As AI systems become more capable, we would like to enlist their help to supervise other AIs. We experiment with methods for training a harmless AI assistant through self-improvement, without any human labels identifying harmful outputs. The only human oversight is provided through a list of rules or principles, and so we refer to the method as ‘Constitutional AI’.
The process involves both a supervised learning and a reinforcement learning phase.
We would like to train AI systems that remain helpful, honest, and harmless, even as some AI capabilities reach or exceed human-level performance. This suggests that we will need to develop techniques that do not rely on humans to supervise all aspects of AI behavior, and that can be used to automatically test and enhance robustness to harmful behaviors. We also aim to develop methods that encode desirable AI behavior in a simple and transparent form, and that make it easier to understand and evaluate AI decision-making.

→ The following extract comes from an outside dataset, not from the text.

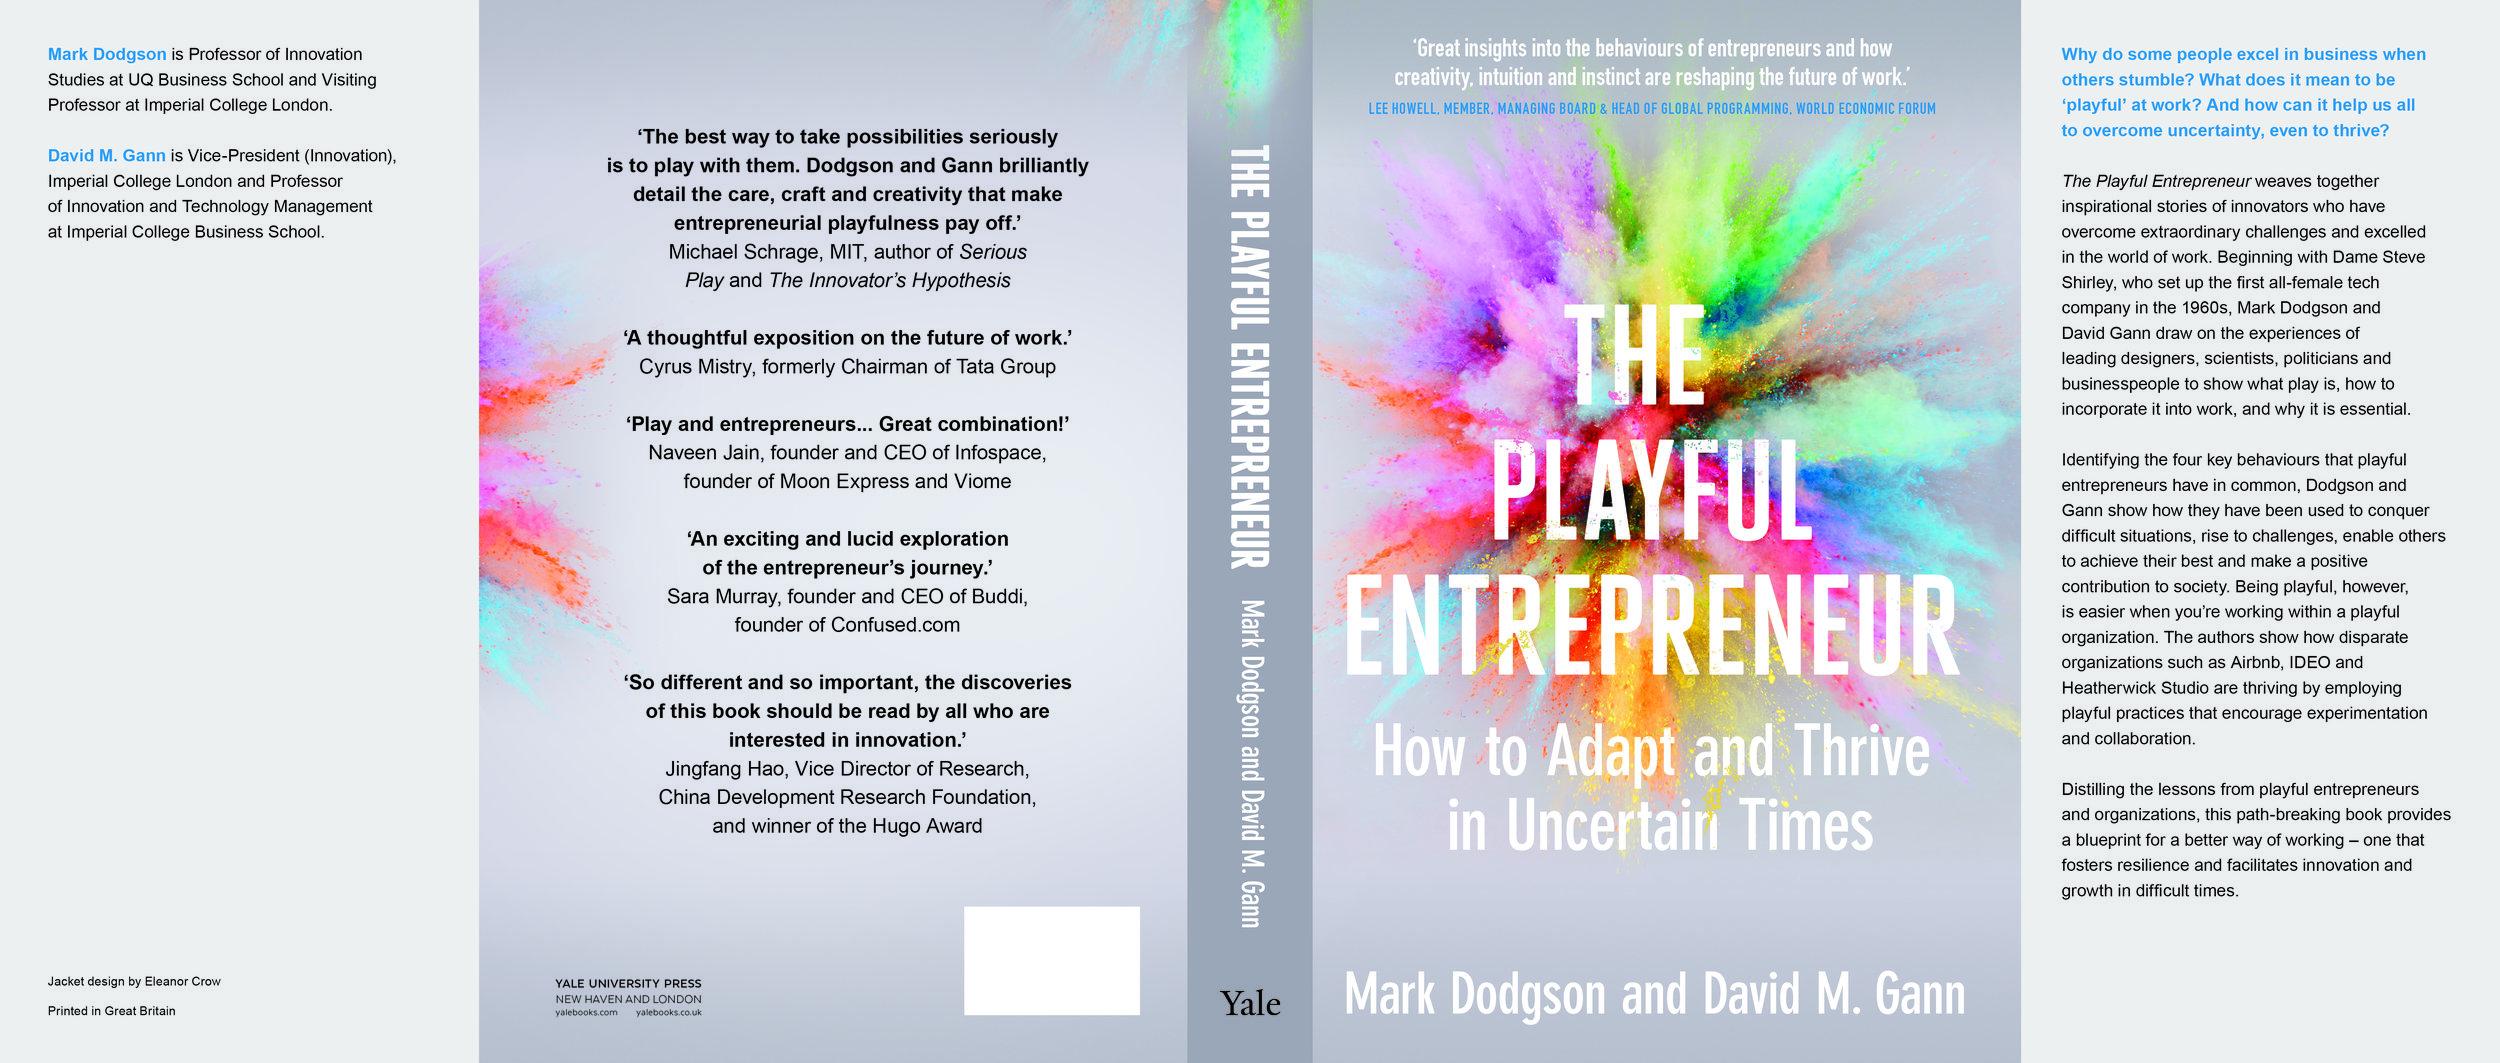 The Playful Entrepreneur D HB layout.jpg

We use the term ‘Scaling Supervision’ for techniques that leverage AI to help humans more efficiently supervise AI, making it possible to train systems to behave in desirable ways with a smaller quantity of higher-quality human supervision.
That said, scaling supervision could also have downsides and dangers since it means further automating decision-making.

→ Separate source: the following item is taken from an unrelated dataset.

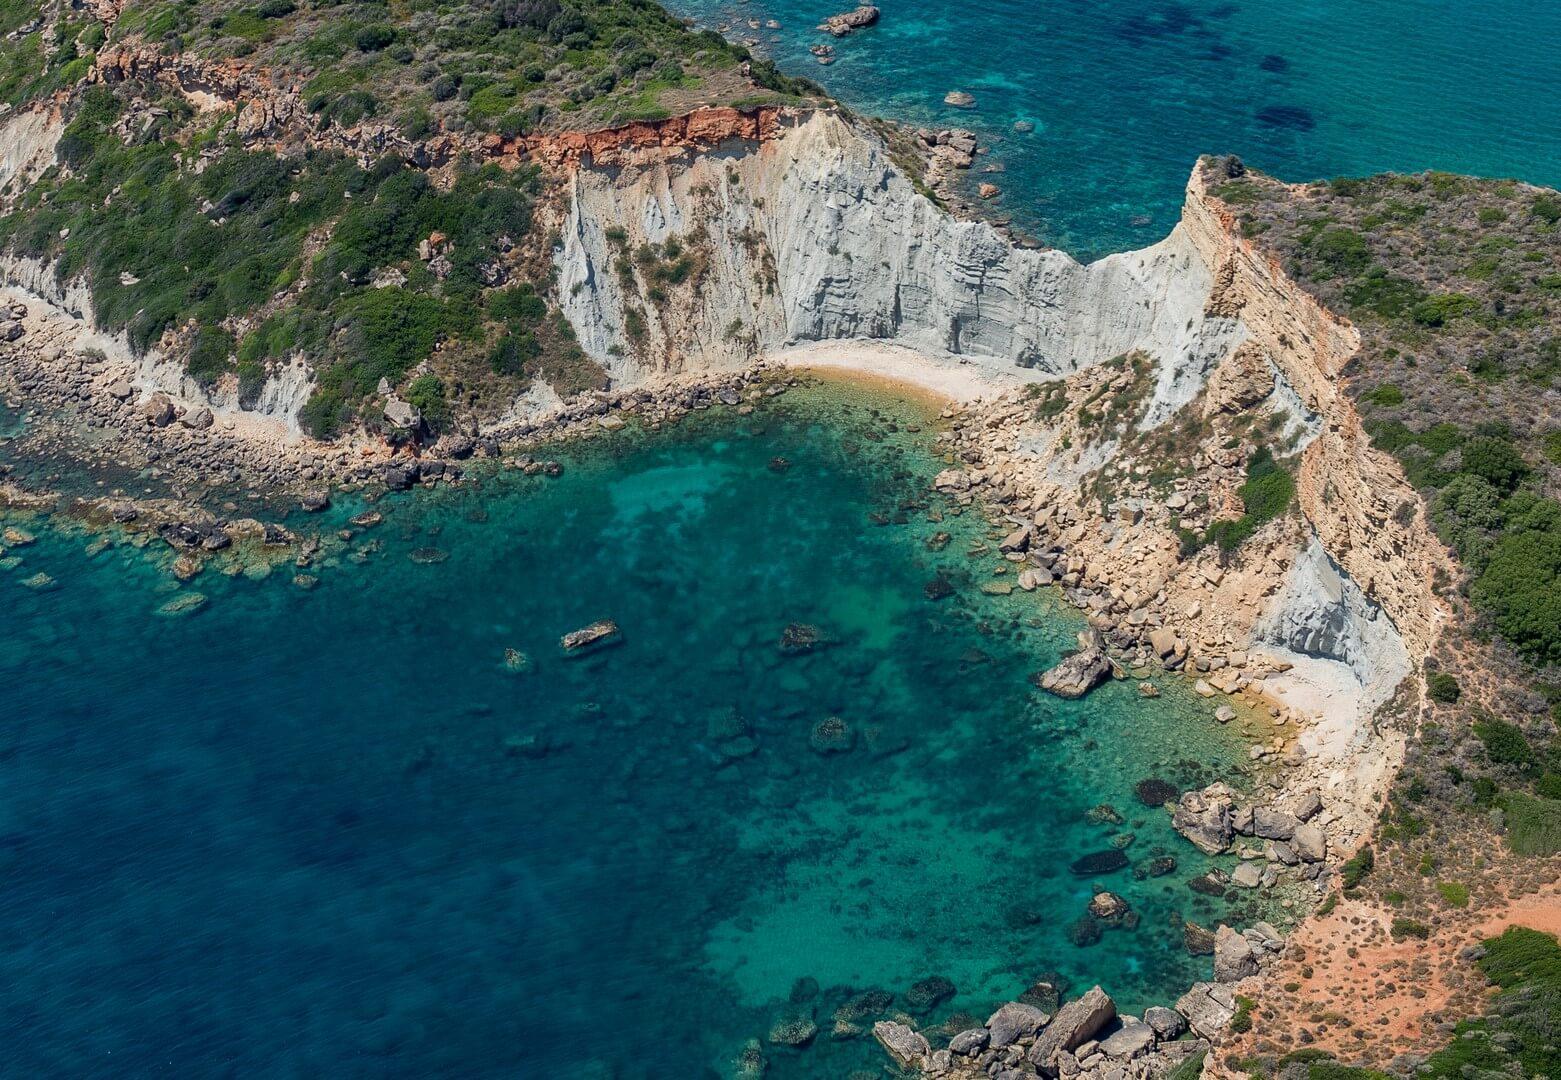 Gerakas beach, caretta caretta turtle beach

An AI assistant that answers all questions with “I don’t know” would be harmless, but of course, it would also be completely useless.
One of our goals in this work is to train a helpful and harmless assistant who is never evasive, to reduce the tension between helpfulness and harmlessness. So while the assistant must still refrain from helping users with unethical requests, and from expressing offensive language and sentiment, it should always engage and explain why it refuses such requests.